HTTP characteristics

HTTP is a stateless, connectionless, reliable protocol. In the simplest form, each request from a user agent is handled reliably and then the connection is broken. Each request involves a separate TCP connection, so if many resources are required (such as images embedded in an HTML page) then many TCP connections have to be set up and torn down in a short space of time.

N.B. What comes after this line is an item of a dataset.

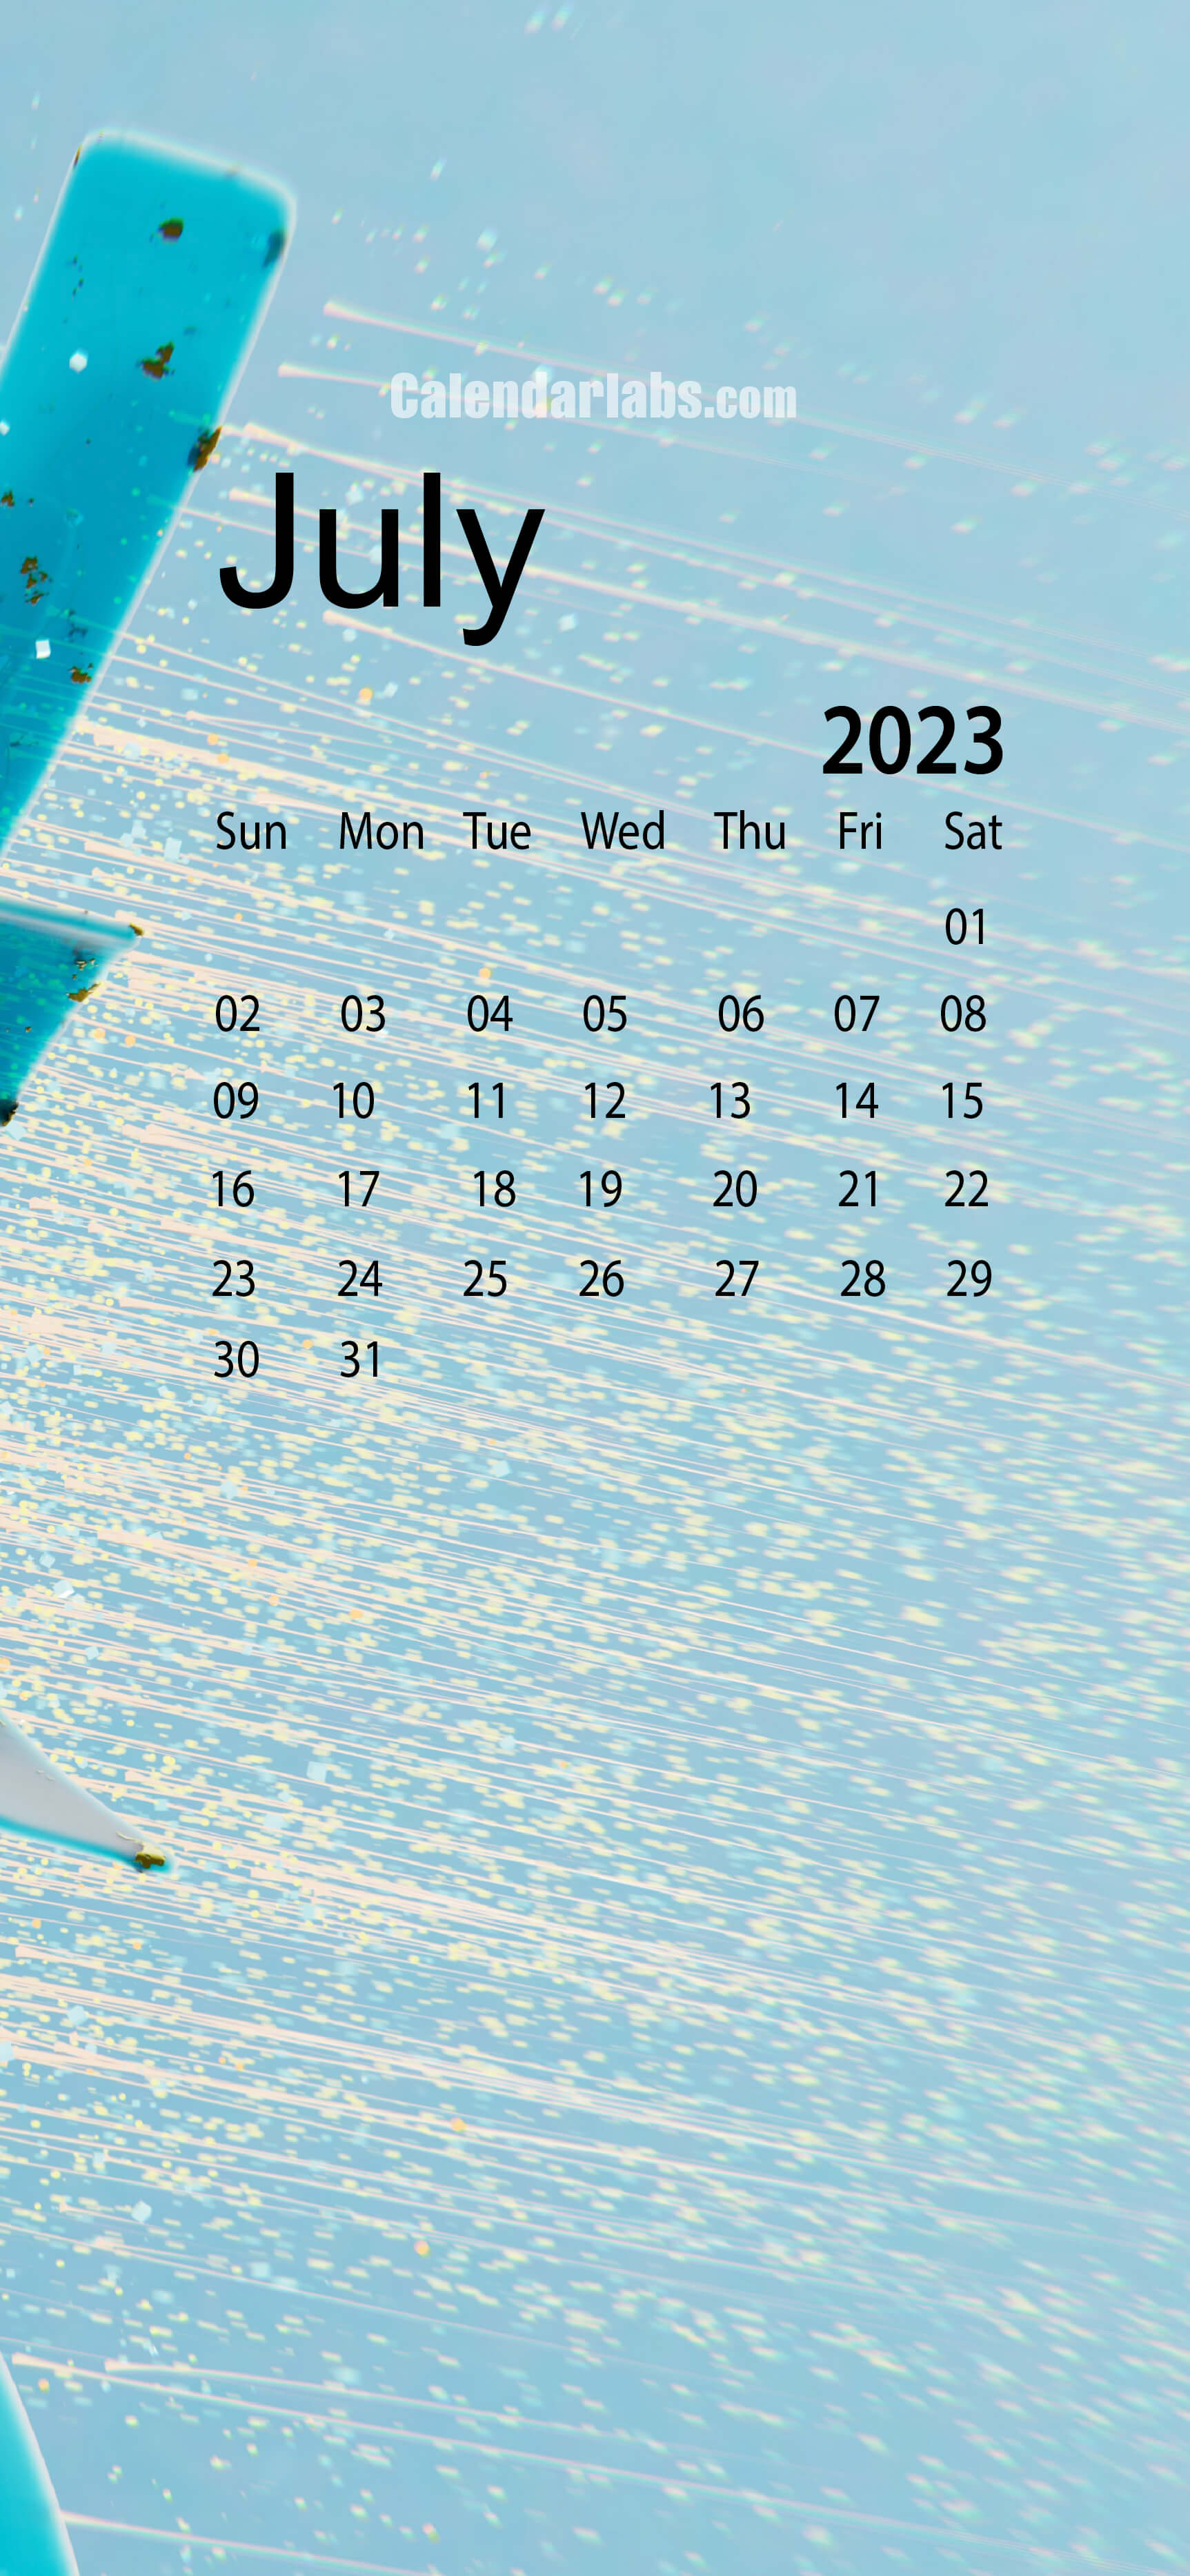 July 2023 Wall Calendar Wallpaper

Thera are many optimisations in HTTP which add complexity to the simple structure, in order to create a more efficient and reliable protocol.

Versions

There are 3 versions of HTTP

  • Version 0.9 - totally obsolete
  • Version 1.0 - almost obsolete
  • Version 1.1 - current

Each version must understand requests and responses of earlier versions.

HTTP 0.9

Request format

  1. Request = Simple-Request
  2. Simple-Request = "GET" SP Request-URI CRLF

Response format

A response is of the form

  1. Response = Simple-Response
  2. Simple-Response = [Entity-Body]

HTTP 1.0

This version added much more information to the requests and responses. Rather than “grow” the 0.9 format, it was just left alongside the new version.

Request format

The format of requests from client to server is

  1. Request = Simple-Request | Full-Request
  2. Simple-Request = "GET" SP Request-URI CRLF
  3. Full-Request = Request-Line
  4. *(General-Header
  5. | Request-Header
  6. | Entity-Header)
  7. CRLF
  8. [Entity-Body]

A Simple-Request is an HTTP/0.9 request and must be replied to by a Simple-Response.

A Request-Line has format

  1. Request-Line = Method SP Request-URI SP HTTP-Version CRLF

where

  1. Method = "GET" | "HEAD" | POST |
  2. extension-method

e.g. GET http://jan.newmarch.name/index.html HTTP/1.0

Response format

A response is of the form

  1. Response = Simple-Response | Full-Response
  2. Simple-Response = [Entity-Body]
  3. Full-Response = Status-Line
  4. *(General-Header
  5. | Response-Header
  6. | Entity-Header)
  7. CRLF
  8. [Entity-Body]

The Status-Line gives information about the fate of the request:

  1. Status-Line = HTTP-Version SP Status-Code SP Reason-Phrase CRLF

e.g.

  1. HTTP/1.0 200 OK
  2. The codes are
  3. Status-Code = "200" ; OK
  4. | "201" ; Created
  5. | "202" ; Accepted
  6. | "204" ; No Content
  7. | "301" ; Moved permanently
  8. | "302" ; Moved temporarily
  9. | "304" ; Not modified
  10. | "400" ; Bad request
  11. | "401" ; Unauthorised
  12. | "403" ; Forbidden
  13. | "404" ; Not found
  14. | "500" ; Internal server error
  15. | "501" ; Not implemented
  16. | "502" ; Bad gateway
  17. | "503" | Service unavailable
  18. | extension-code

The Entity-Header contains useful information about the Entity-Body to follow

  1. Entity-Header = Allow
  2. | Content-Encoding
  3. | Content-Length
  4. | Content-Type
  5. | Expires
  6. | Last-Modified
  7. | extension-header

For example

  1. HTTP/1.1 200 OK
  2. Date: Fri, 29 Aug 2003 00:59:56 GMT
  3. Server: Apache/2.0.40 (Unix)
  4. Accept-Ranges: bytes
  5. Content-Length: 1595
  6. Connection: close
  7. Content-Type: text/html; charset=ISO-8859-1

HTTP 1.1

HTTP 1.1 fixes many problems with HTTP 1.0, but is more complex because of it. This version is done by extending or refining the options available to HTTP 1.0. e.g.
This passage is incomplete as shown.